Supplied information.
[Start of Attachment]
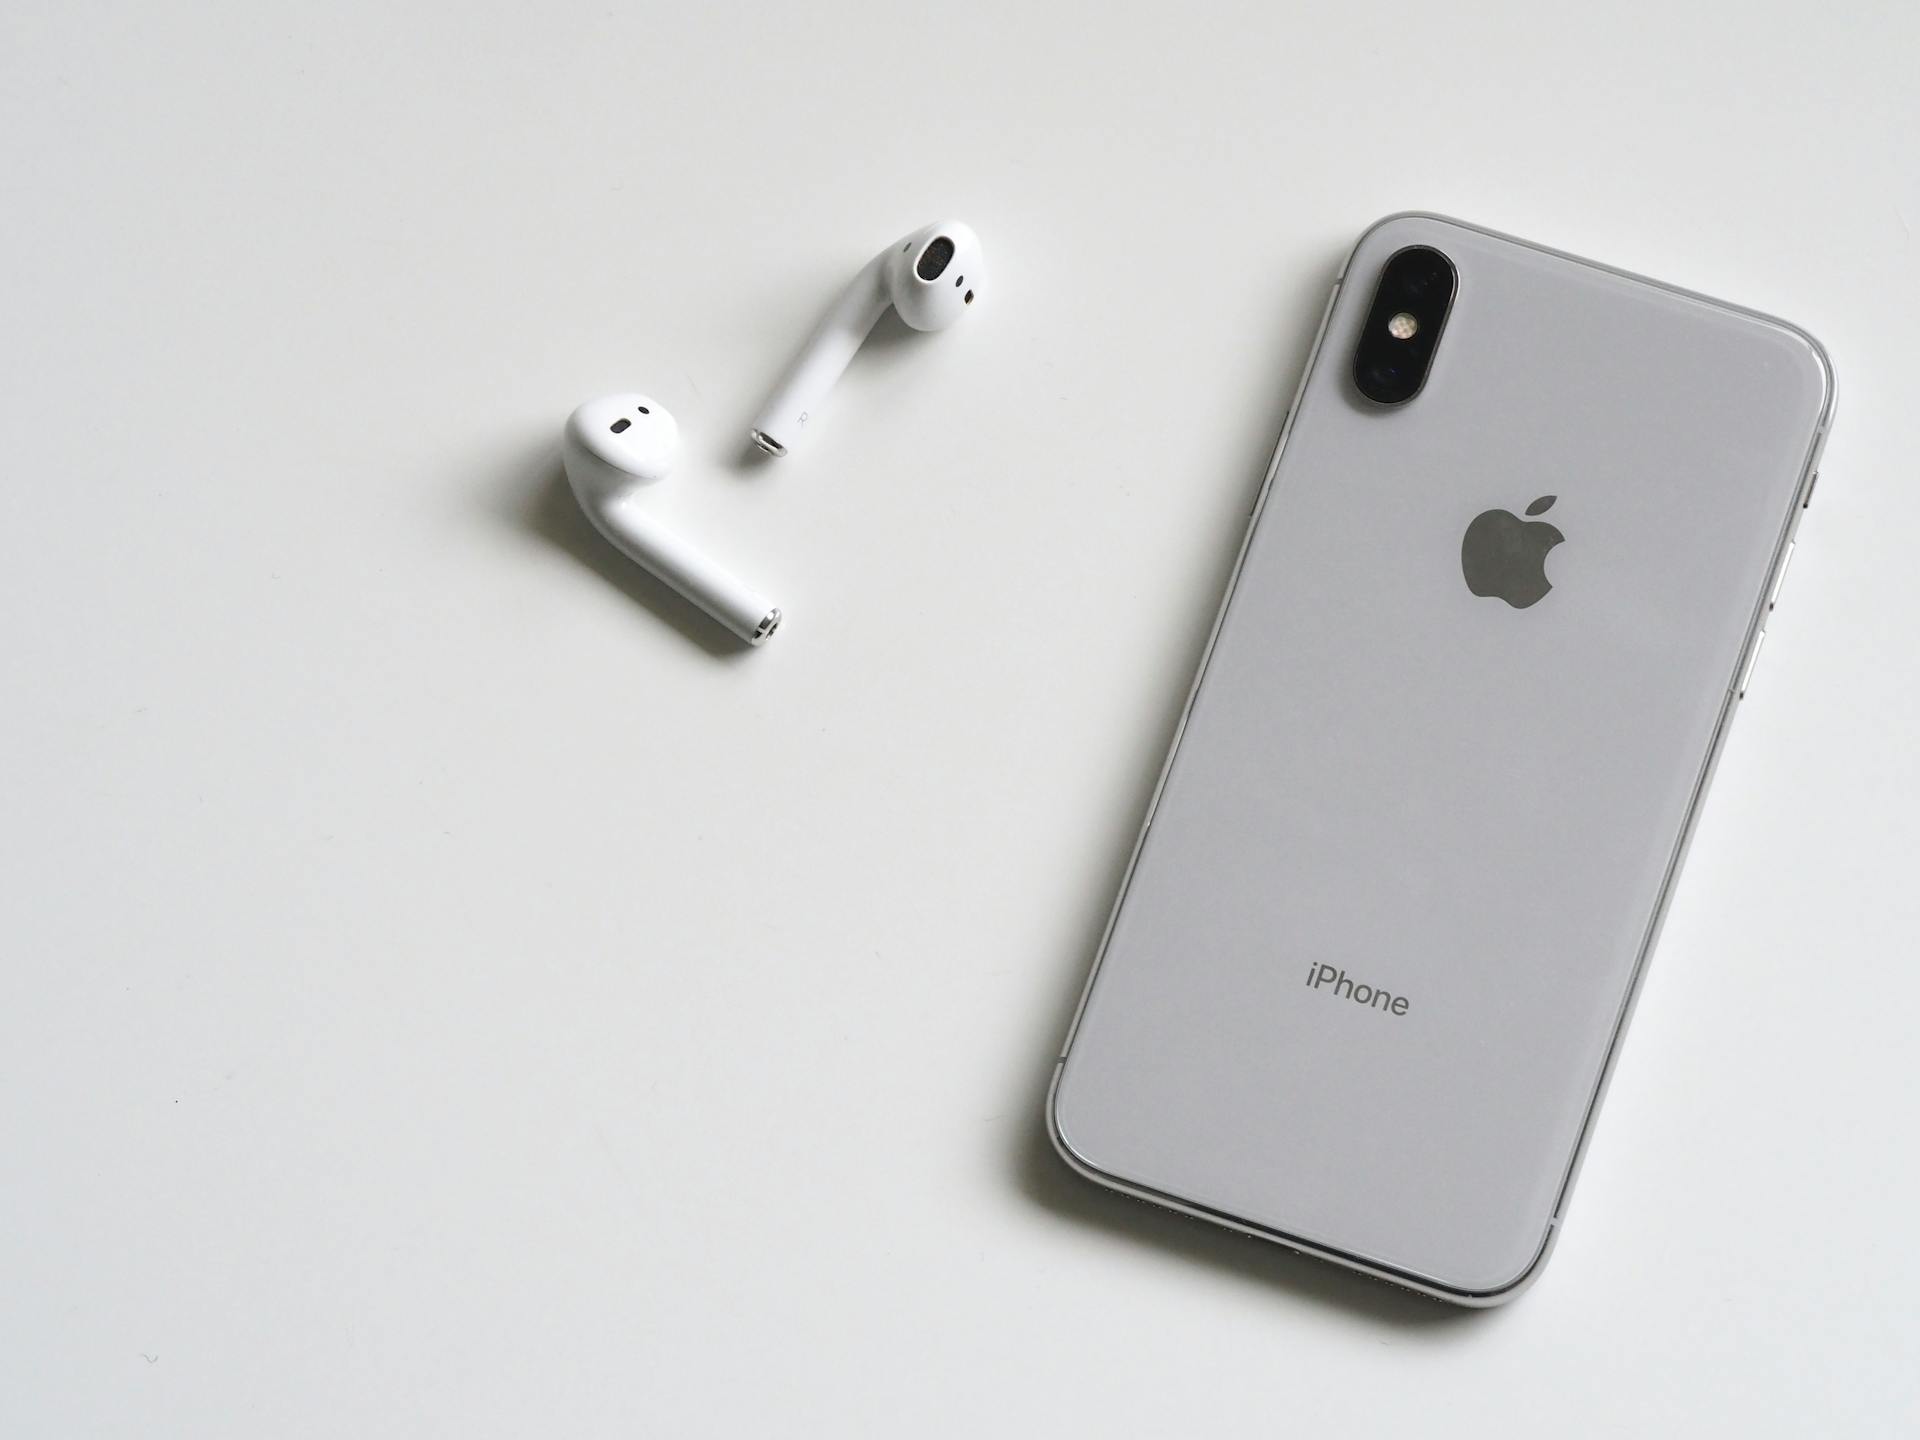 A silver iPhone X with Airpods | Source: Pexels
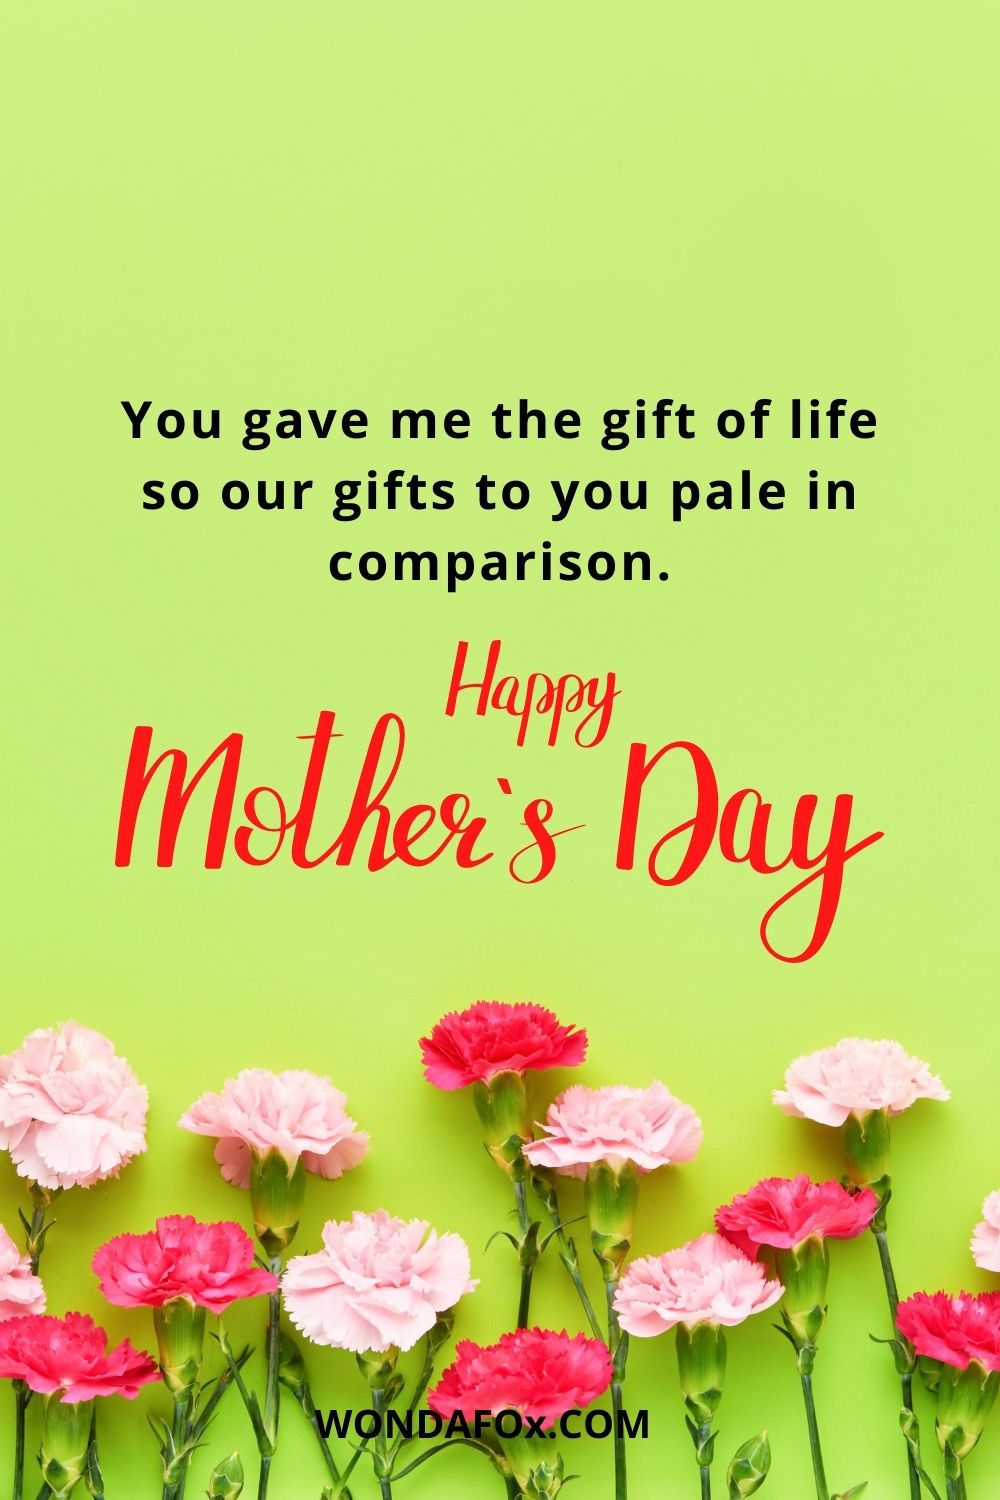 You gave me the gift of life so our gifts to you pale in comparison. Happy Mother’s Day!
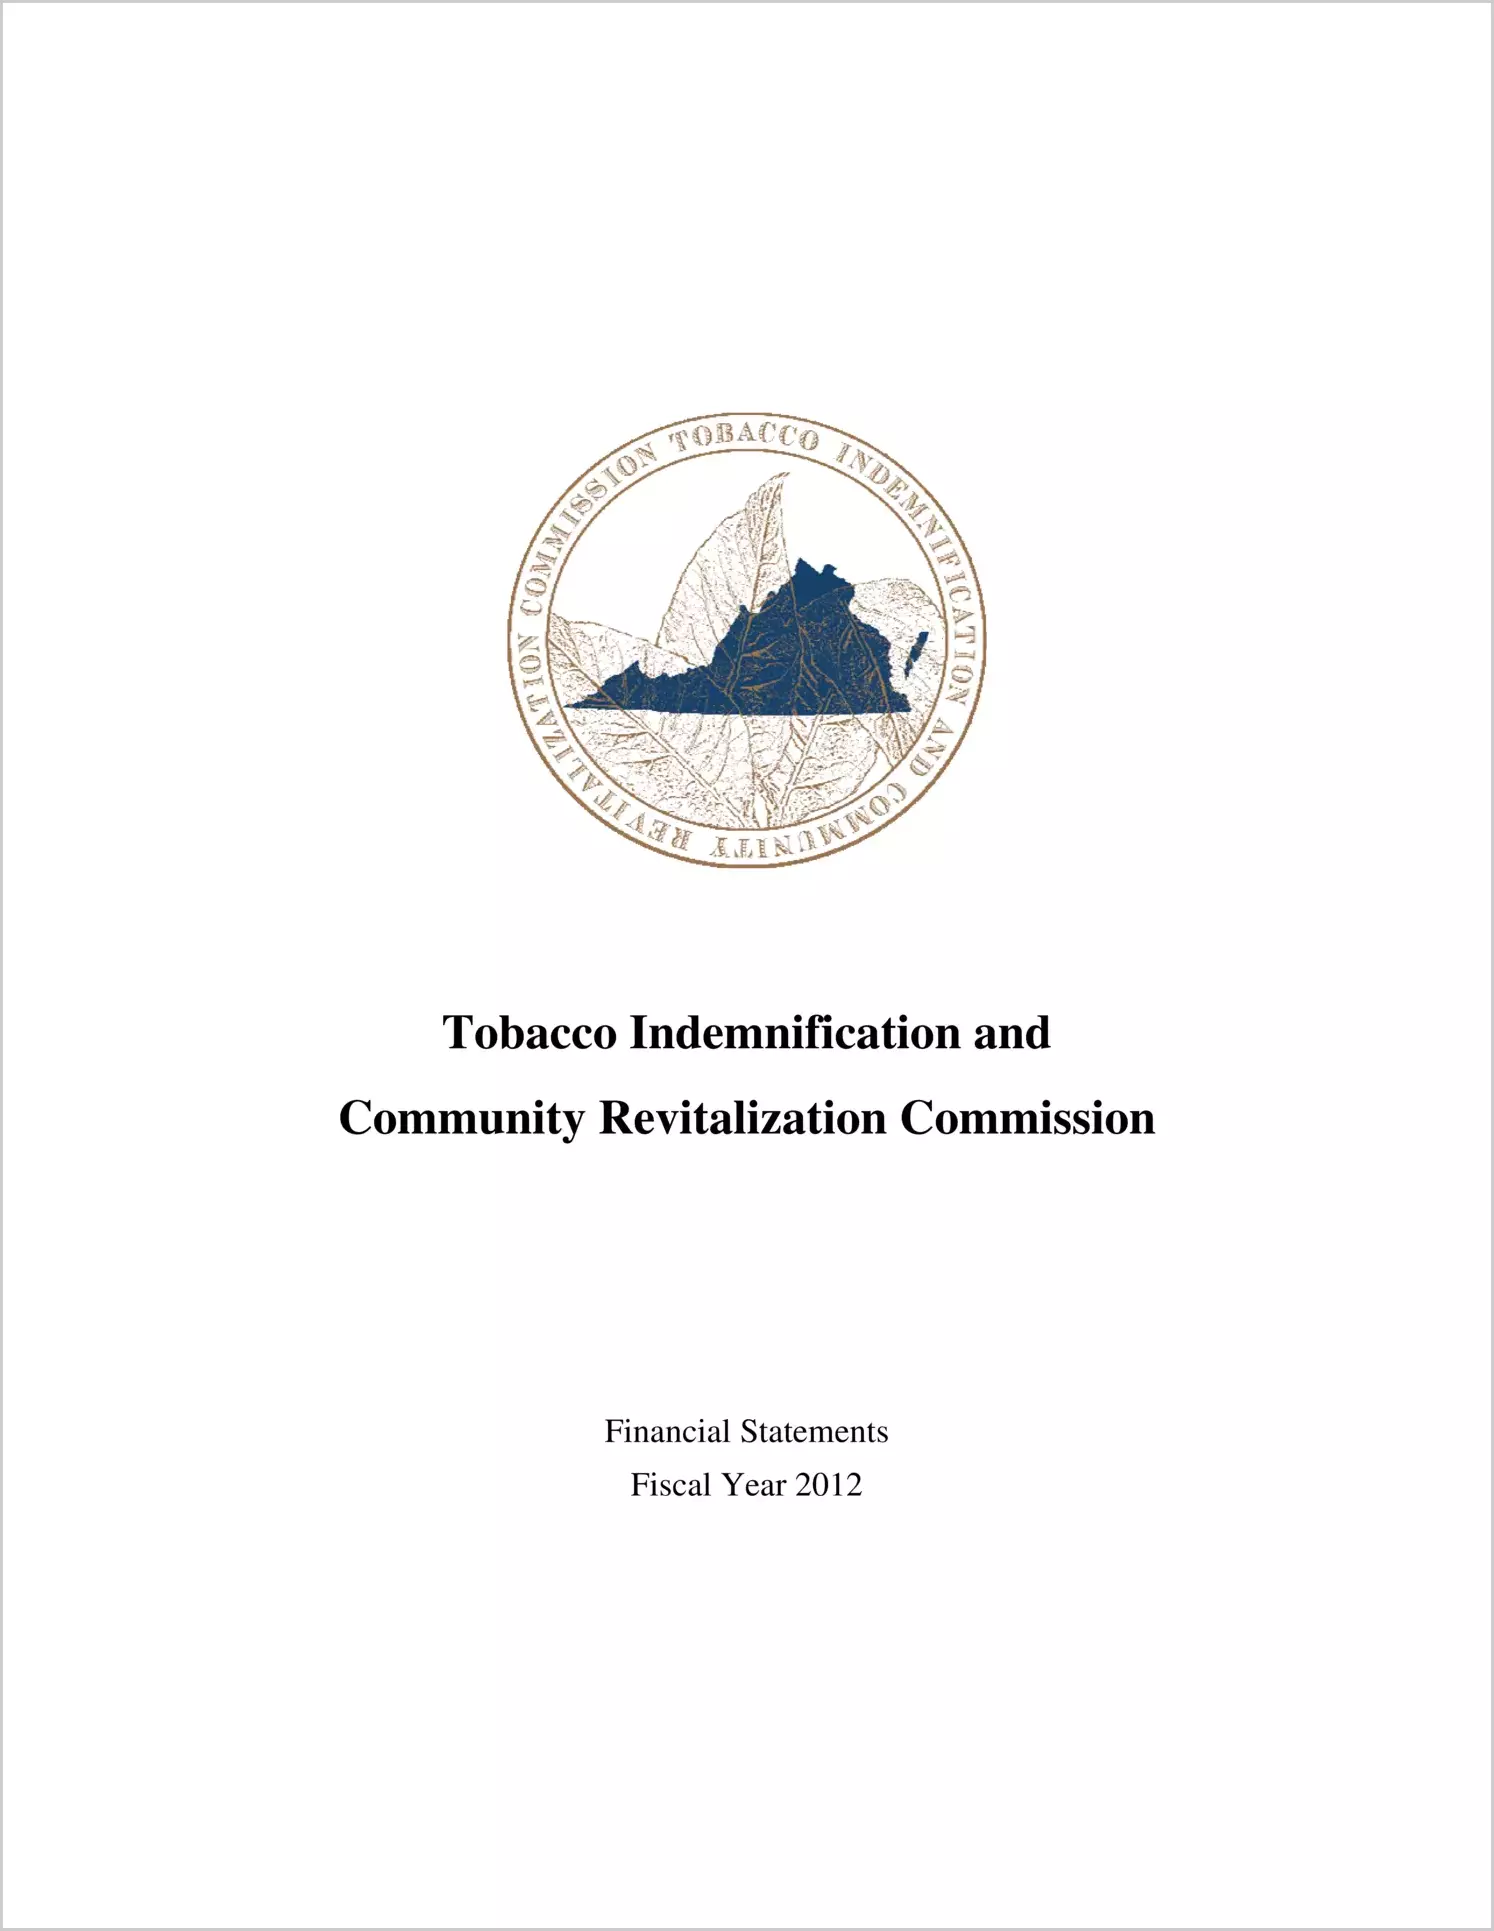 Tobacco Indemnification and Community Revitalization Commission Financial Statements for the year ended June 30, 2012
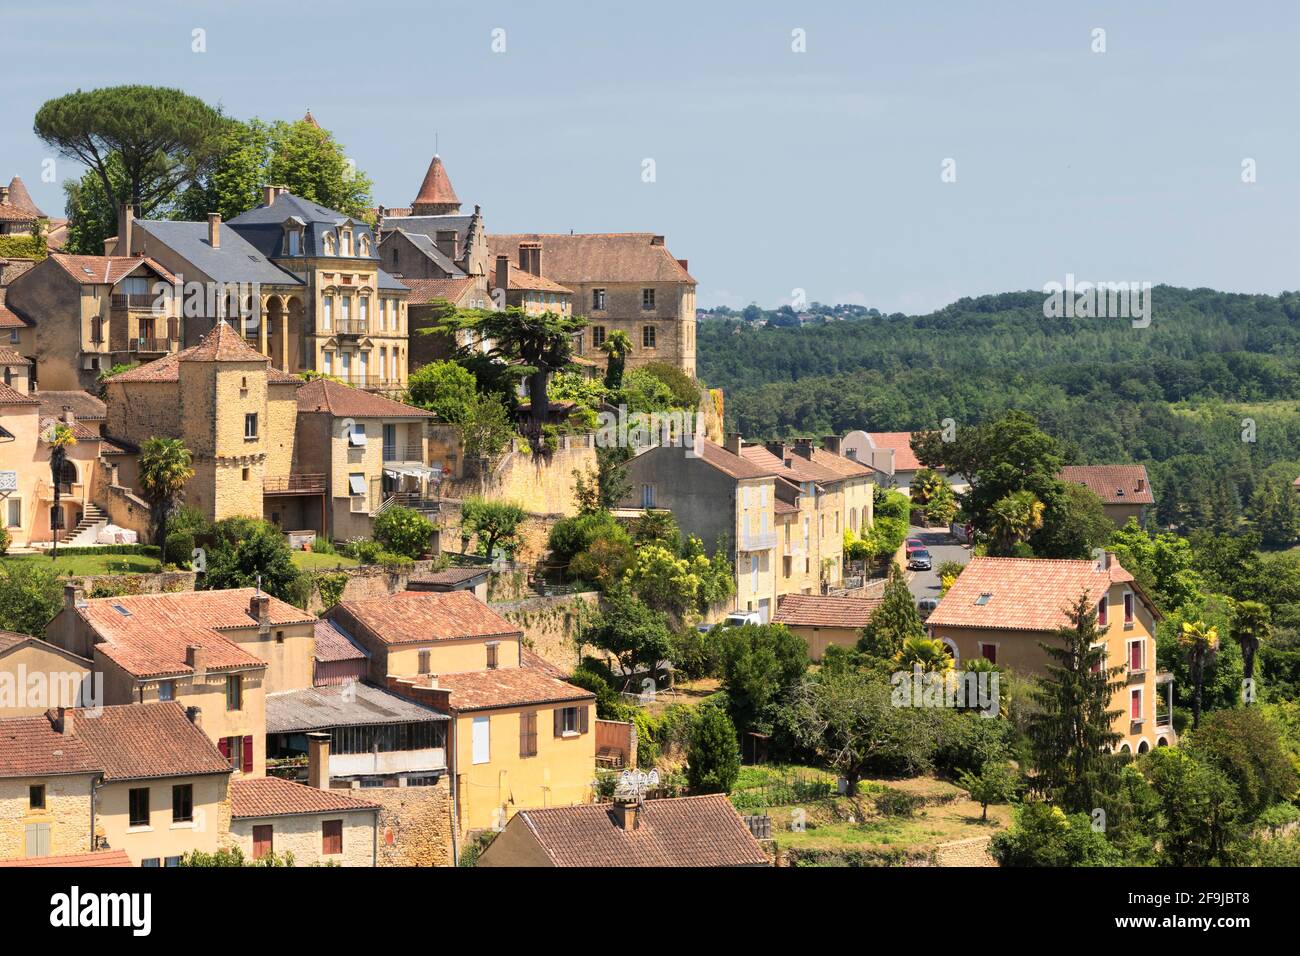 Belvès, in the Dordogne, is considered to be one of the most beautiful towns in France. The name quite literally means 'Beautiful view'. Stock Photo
[End of Attachment]
Exercise prompt. Give back the full listing above word for word, and let no picture through.

Reply.
 A silver iPhone X with Airpods | Source: Pexels
 You gave me the gift of life so our gifts to you pale in comparison. Happy Mother’s Day!
 Tobacco Indemnification and Community Revitalization Commission Financial Statements for the year ended June 30, 2012
 Belvès, in the Dordogne, is considered to be one of the most beautiful towns in France. The name quite literally means 'Beautiful view'. Stock Photo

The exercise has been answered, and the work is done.